Alright, I could add another flag here to prevent re-scheduling,

> > + if (t->mm && rtime > RSEQ_UNPREEMPTED_THRESHOLD) {
> [...]
> > + else if (time_after(jiffies, t->last_rseq_preempt
> > +
> > +      
> > msecs_to_jiffies(MM_CID_SCAN_DELAY))) {
>
> Those second levels of time checks would prevent adding significant
> overhead on every tick after the threshold is reached.
>

But I'm not sure what to do here: in my understanding, this second
branch can only run once for task t and may run despite the previous
path was skipped (let's assume two long running threads share the mm,
the first thread schedules the work and it completes before the second
threads meets a qualifying tick).

> >
> > B is occurring after the work updates the last scan time, so we are
> > in a
> > condition where the runtime is above threshold but the (next) scan
> > time
> > did not expire yet.
> > I tried to account for multiple threads updating the mm_cid (not
> > necessarily the long running one, or in case more are long
> > running), for
> > this I'm tracking the last time we updated the mm_cid, if that
> > occurred
> > before the last mm_cid scan, we need to update (and preempt).
> >
> > Does this make sense to you?
>
> It makes sense.
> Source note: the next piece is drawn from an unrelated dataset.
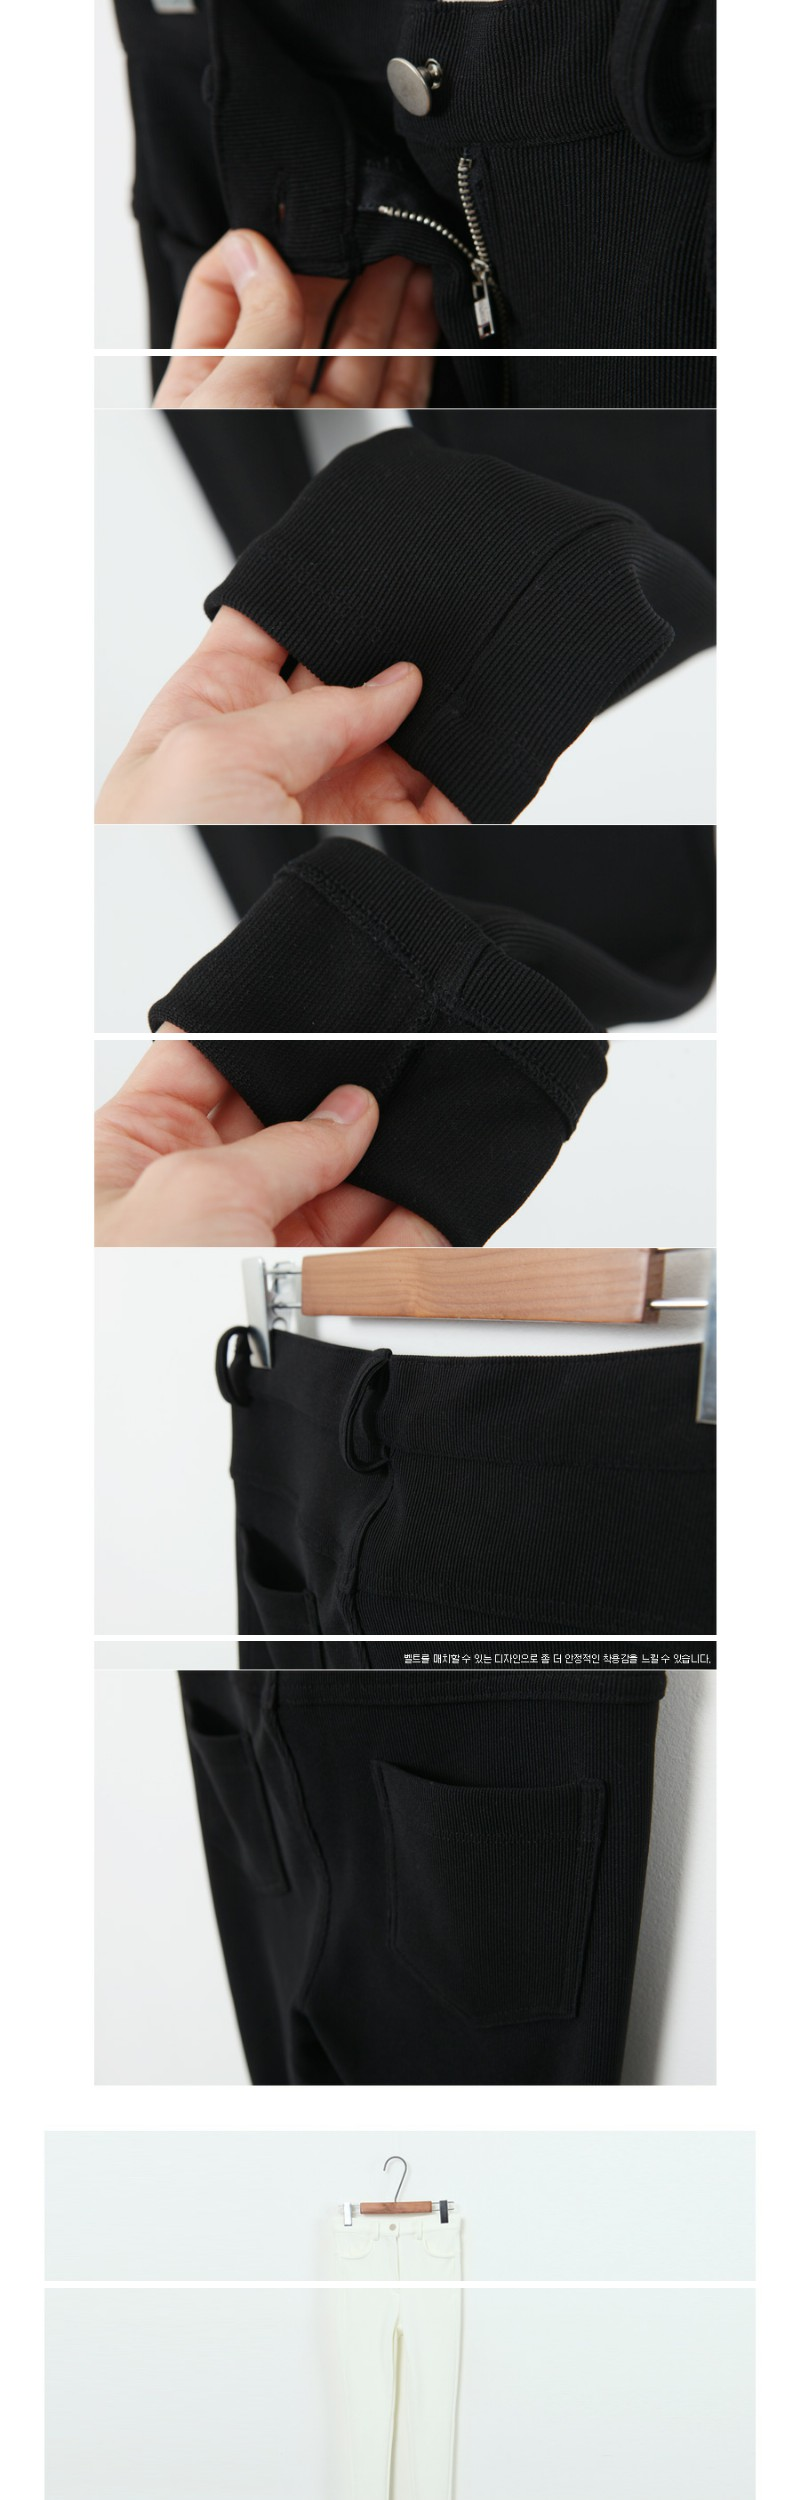 Belief golgi leggings pants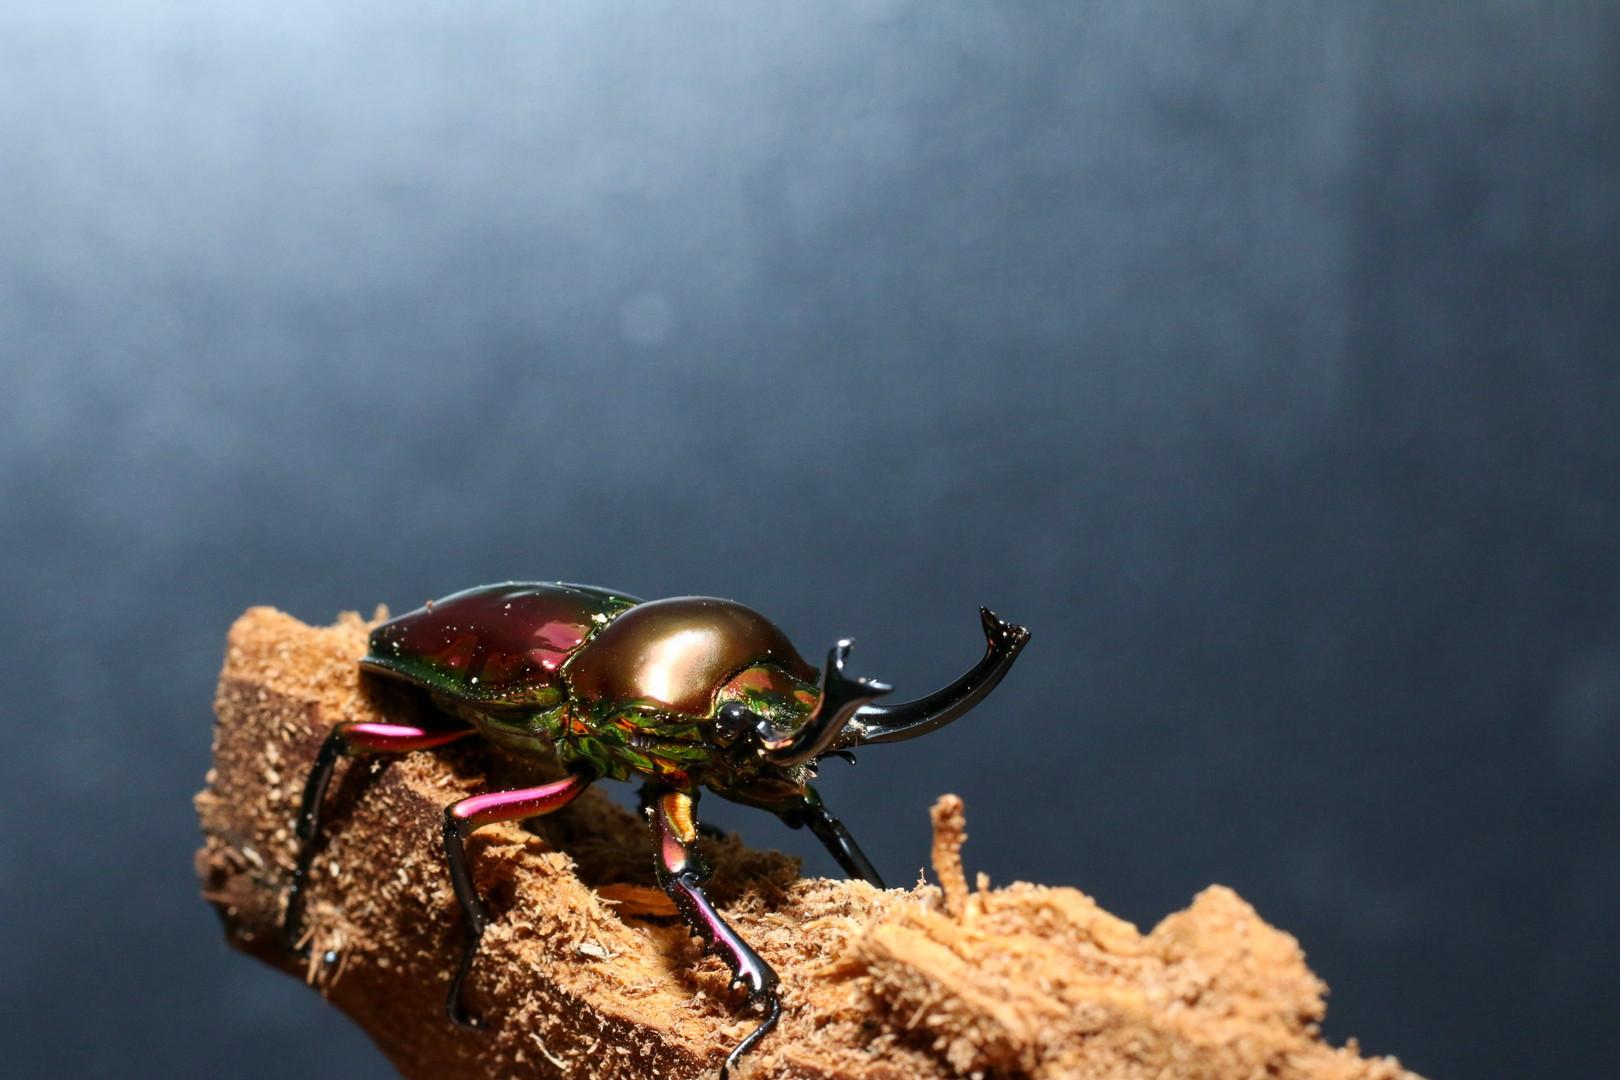 Red Rainbow Stag Beetle

Note that it adds overhead to rseq_preempt() (a store
> to t->last_rseq_preempt), which is a fast path. I don't know if we
> should care.

Well, I'm trying to track the last time a reset occurred, that happens
rather in mm_cid_get, which doesn't look like a fast path to me.
I could then rename it to last_rseq_reset since it won't be related to
preemption.

>
> Also part of task_tick_mm_cid could be moved to a helper, e.g.:
>
> static
> void task_reset_mm_cid(struct rq *rq, struct task_struct *t)
> {
>          int old_cid = t->mm_cid;
>         
>          if (!t->mm_cid_active)
>                  return;
>          mm_cid_snapshot_time(rq, t->mm);
>          mm_cid_put_lazy(t);
>          t->last_mm_cid = t->mm_cid = mm_cid_get(rq, t, t->mm);
>          if (old_cid == t->mm_cid)
>                  return;
>          rseq_preempt(t);
> }

Yeah good point

Thanks,
Gabriele